AP PRECALCULUS — UNIT 3B · TRIGONOMETRIC & POLAR FUNCTIONS
3.10 — Trigonometric Equations and Inequalities
Notes — Solving Equations Involving Trig Functions
💡 Learning Objectives (3.10.A)
By the end of this lesson you will be able to:
- Solve trigonometric equations on a restricted interval using reference angles
- Write general solutions using +2πk (sine, cosine) or +πk (tangent)

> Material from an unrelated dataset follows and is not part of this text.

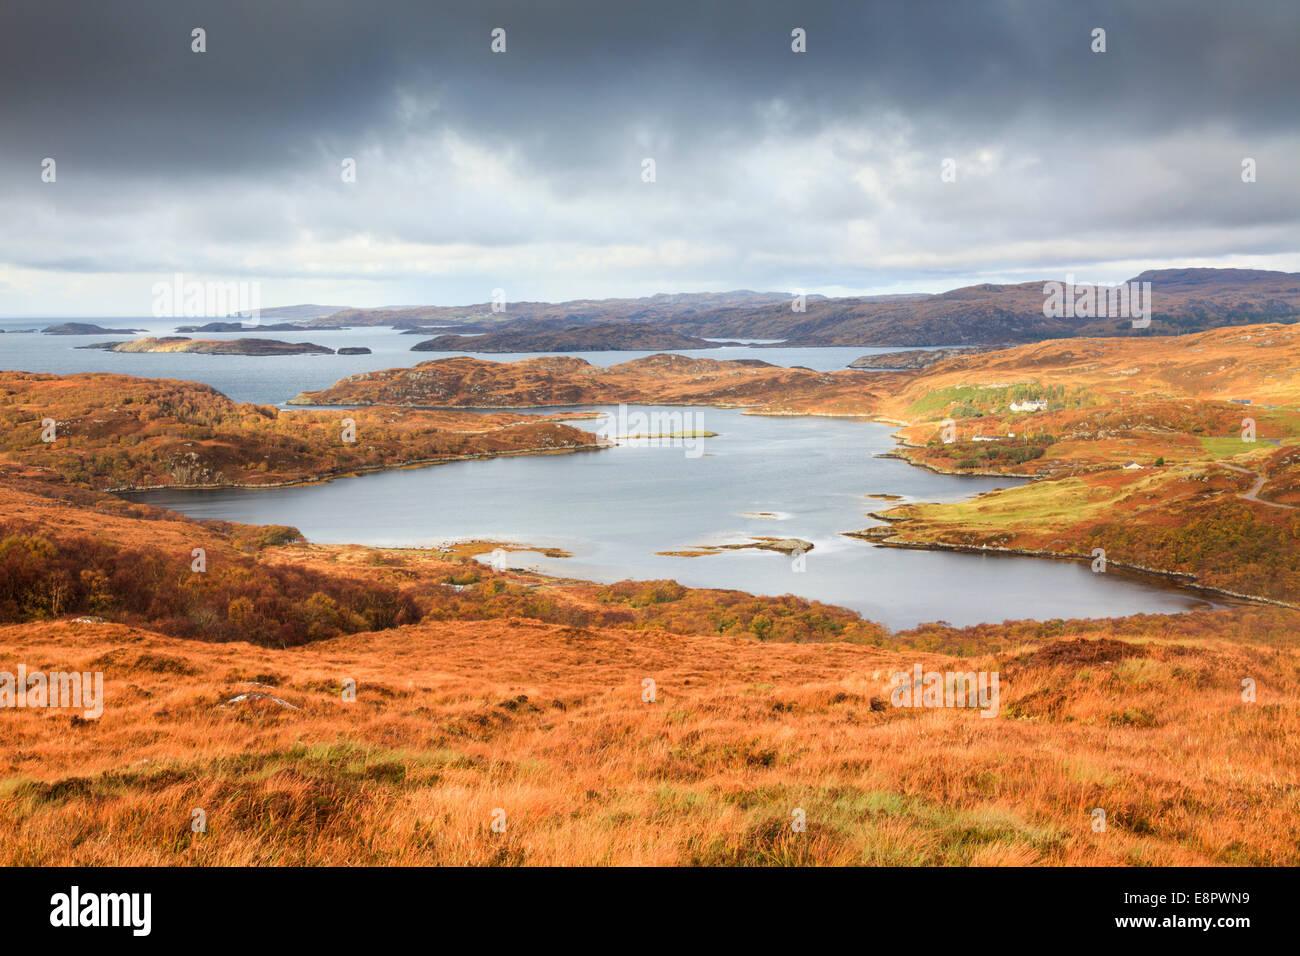 Loch Ardbhair near Drumbeg in Assynt, Scotland - Stock Image

- Solve equations involving sin(bx), cos(bx), tan(bx) by adjusting the argument
- Solve trigonometric inequalities by analyzing where the function is above or below a value
1. The Basic Strategy
To solve sin(θ) = c (or any other simple trig equation):
- Identify the reference angle θ_ref using arcsin, arccos, or arctan applied to |c|
- Determine which quadrants give the correct sign of c
- Write the solutions in the requested interval (often [0, 2π))

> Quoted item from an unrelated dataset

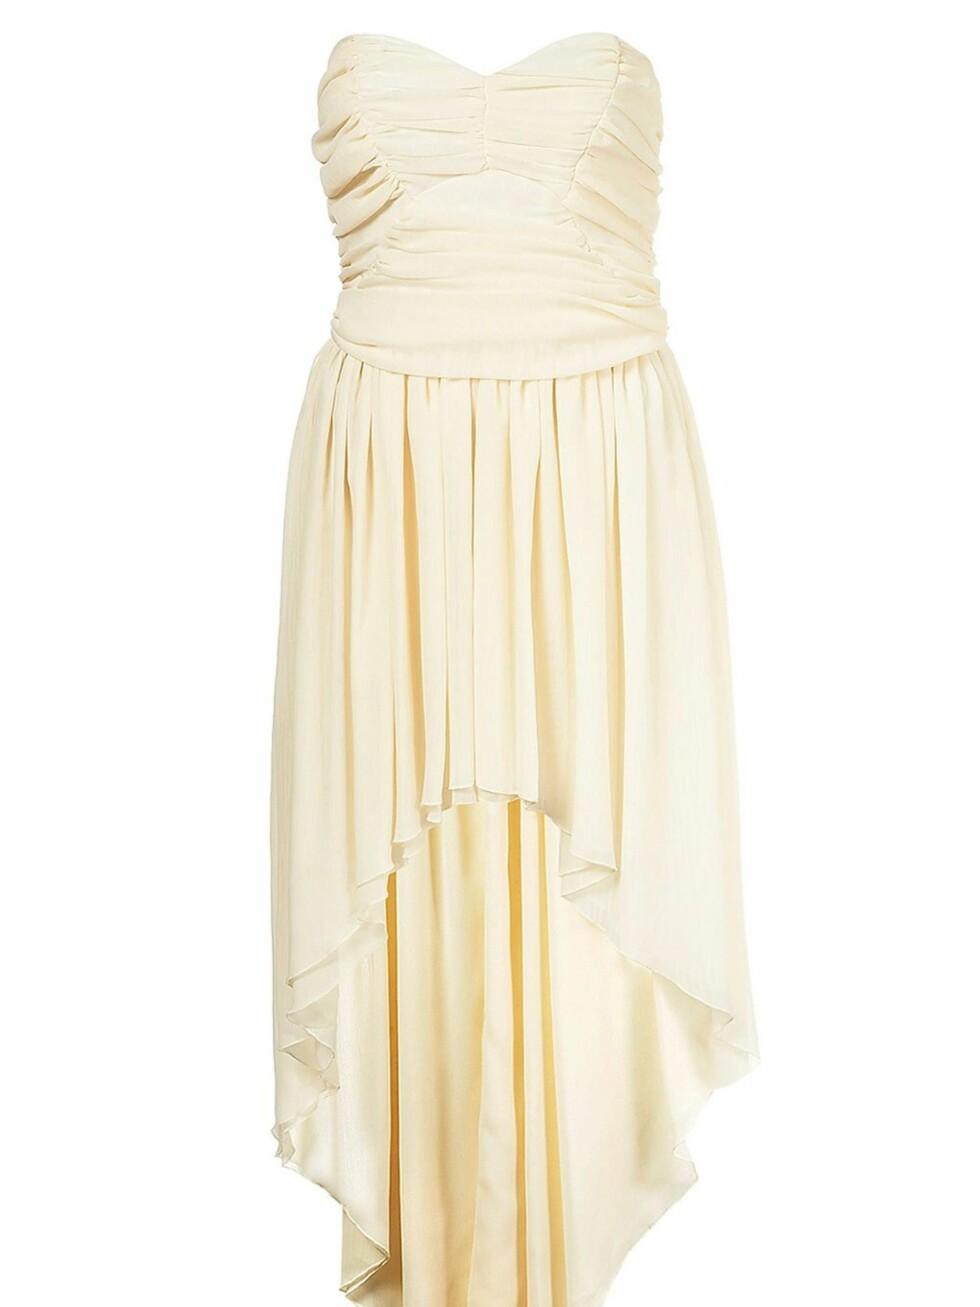 Stroppeløs kjole (ca kr 600, Topshop).

- If asked for ALL solutions, append +2πk (sine and cosine) or +πk (tangent)
2. Solving sin(θ) = c
📘 Example — Solve sin(θ) = √2/2 on [0, 2π)
- Reference angle: arcsin(√2/2) = π/4
- sin is positive in Quadrants I and II
- Quadrant I: θ = π/4
- Quadrant II: θ = π − π/4 = 3π/4
- Solutions: θ ∈ {π/4, 3π/4}
📘 Example — General solution for sin(θ) = −1/2
- Reference angle: arcsin(1/2) = π/6
- sin is negative in Quadrants III and IV
- Quadrant III: θ = π + π/6 = 7π/6
- Quadrant IV: θ = 2π − π/6 = 11π/6
- General: θ = 7π/6 + 2πk or θ = 11π/6 + 2πk, k ∈ ℤ
3. Solving cos(θ) = c
📘 Example — Solve cos(θ) = −1/2 on [0, 2π)
- Reference angle: arccos(1/2) = π/3
- cos is negative in Quadrants II and III
- Quadrant II: θ = π − π/3 = 2π/3
- Quadrant III: θ = π + π/3 = 4π/3
- Solutions: θ ∈ {2π/3, 4π/3}
4. Solving tan(θ) = c
Tangent has period π, so it takes every real value EXACTLY ONCE in any interval of length π. Solutions repeat every π.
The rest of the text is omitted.